E purtroppo nel nostro territorio alla cultura, che dovrebbe essere il motore che fa andare avanti l’umanità, viene sempre data troppo poca importanza.
«È vero. Io penso che però il teatro possa essere un canale molto valido per diffonderla, perché ha il compito di veicolare un messaggio. Un messaggio che arriva a molta gente, essendo le nostre rappresentazioni gratuite, infatti, sono in tanti a vederle».
 
Prima di diventare Presidente facevi comunque parte della compagnia come attrice?
«Assolutamente, e anche ora quando posso salgo sul palco perché la recitazione non voglio abbandonarla. Considera che io sono praticamente nata con la Compagnia, o meglio quando è stata fondata io ero nel grembo di mia madre, che peraltro fa la costumista e ha anche avuto modo di recitare. Mio padre, invece, come ho accennato poc’anzi è uno dei fondatori e naturalmente degli attori. Si può dire che sono cresciuta a pane e teatro. Mi ricordo che dal mio passeggino osservavo le prove e mi divertivo un mondo. Quando poi sono diventata un po’ più grandicella, mi sono state assegnate delle parti e via così. Ho interpretato personaggi seri e altri più comici».
 
E quali prediligi?
«Sono belli tutti, l’importante è trasmettere un’emozione. Riuscire a far commuovere attraverso una parte seria e introspettiva, o a far ridere in un ruolo comico. Quando c’è l’amore per la recitazione, ti posso assicurare che ogni volta che si sale sul palco è un’emozione unica, come fosse la prima volta».
 
Se dovessi dirmi una cosa bella del teatro, il lato più piacevole, quale sarebbe?
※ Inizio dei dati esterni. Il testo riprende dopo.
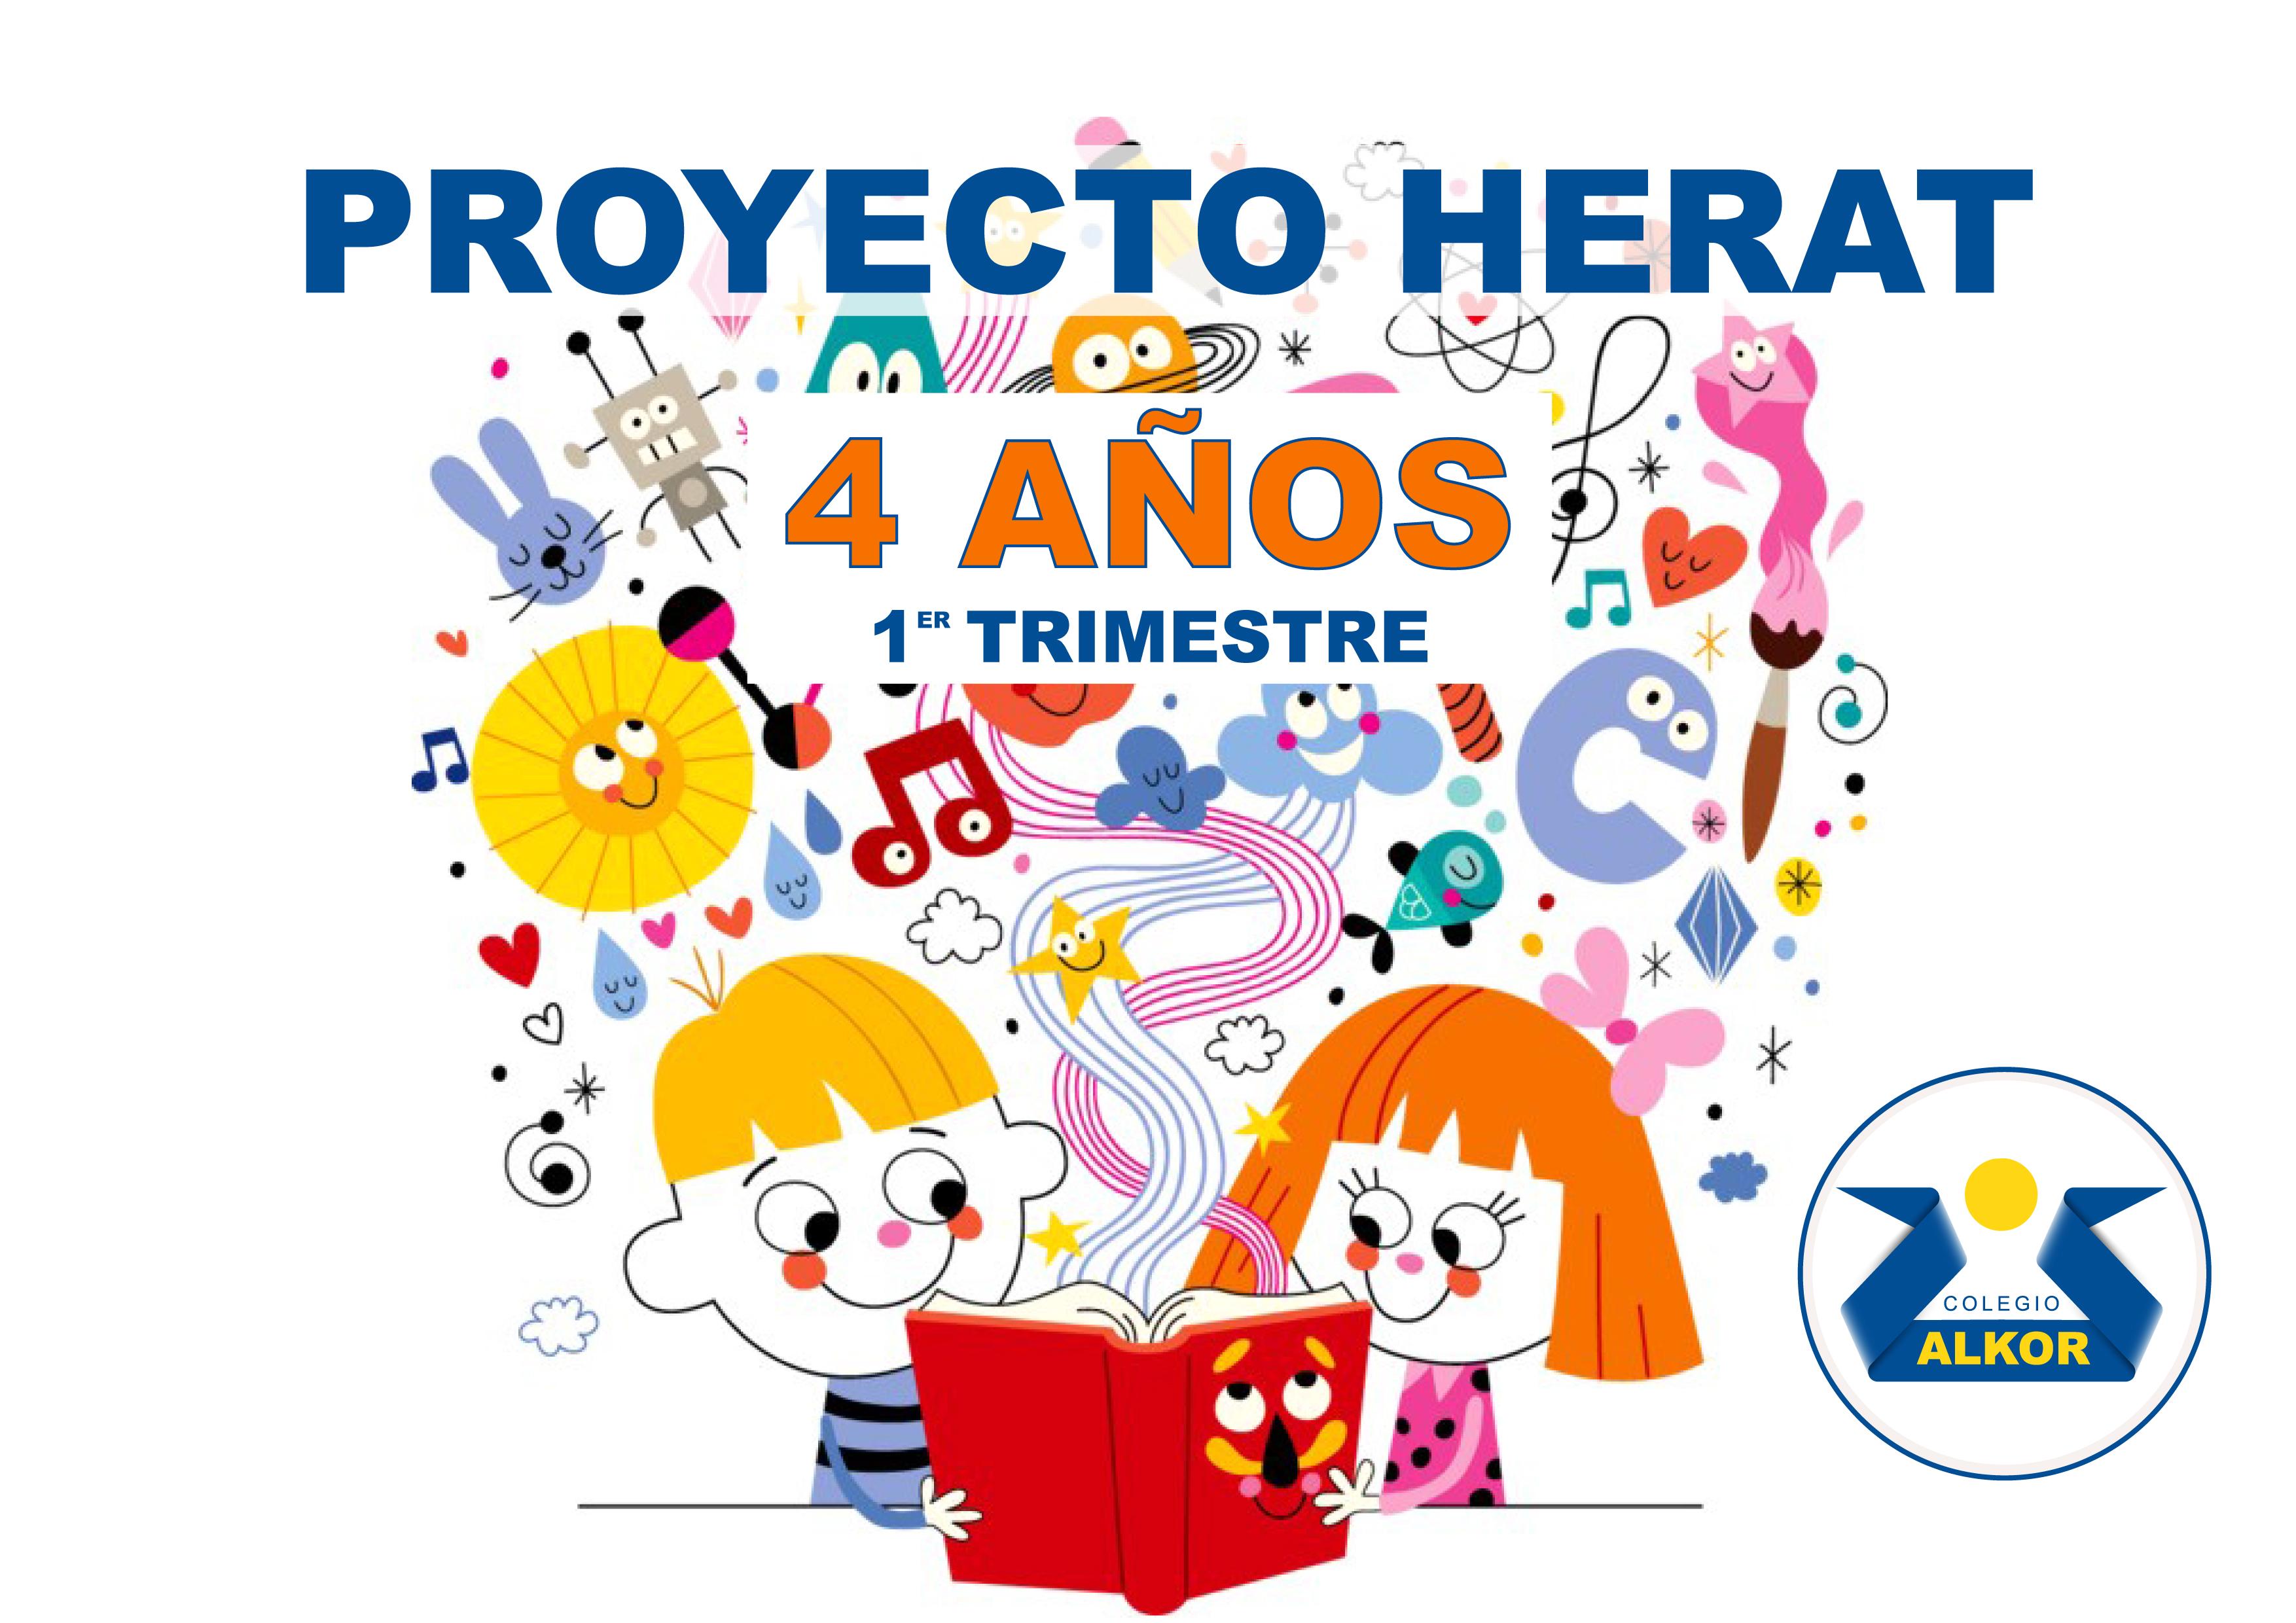 HERAT PRIMER TRIMESTRE 4 AÑOS

«Sicuramente il contatto con il pubblico, e soprattutto sapere che ti stai facendo portatore di un messaggio che gli spettatori recepiscono. L’importanza di trasmettere un concetto, ecco. Sapere di essere uno strumento per smuovere le coscienze, per sensibilizzare la cittadinanza verso una tematica in particolare. Credo che quella sia la parte migliore, anche se si è una piccola goccia in un mare infinito».
 
E invece l’aspetto più brutto, ammesso che ci sia?
«Nell’ambiente amatoriale non ci sono aspetti negativi, è tutto molto gradevole».
 
Essendo cresciuta all’interno della compagnia avrai un mucchio di aneddoti divertenti. Cosa accade dietro le quinte di un gruppo teatrale?
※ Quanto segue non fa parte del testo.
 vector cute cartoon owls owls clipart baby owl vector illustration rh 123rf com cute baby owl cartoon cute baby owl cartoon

«Ah, di tutto. Si assiste, poco prima della rappresentazione, alla preparazione degli interpreti che cercano di calarsi nel personaggio, ognuno con il proprio metodo. Dunque se ne stanno lì concentrati a respirare profondamente e a ripetere le battute. A volte, però, capita di assistere a qualcosa di veramente buffo. Uno degli episodi che ricordo con più piacere è stato durante le prove di “Taxi a due piazze”. Eravamo a mare, perché la rappresentazione doveva avere luogo al “Sun bay” e uno degli attori, Antonio, doveva interpretare la parte di un ragazzo omosessuale. Indimenticabile la visione di lui, con il mare da un lato e il palco dall’altro, fermo con una borsetta e intento a parlare a bassa voce. È stata davvero una scena molto divertente. Oppure quando si cerca di non fare rumore e invece si sente di tutto».
 
Hai mai pensato di recitare da professionista?
«Mi piacerebbe e ho fatto anche qualche provino in passato. Ma per farlo a livelli più elevati c’è bisogno di tempo che io non ho, poiché oltre a occuparmi della compagnia lavoro come educatore della prima infanzia. Inoltre occorre dedicarsi molto; non è qualcosa che si può improvvisare, è necessario studiare dizione, cosa però che mi riprometto di fare a breve. Per i miei ritmi quotidiani e gli impegni che ho, sono contenta di farlo solo a livello amatoriale».
 
Avrai delle attrici a cui ti ispiri o che apprezzi particolarmente…
«Due su tutte: Cinzia Leone e Anna Mazzamauro. Sono sensazionali. La prima poi ho avuto la grande fortuna di incontrarla personalmente a Castrocaro».
 
Al momento, quale lavori state portando in scena?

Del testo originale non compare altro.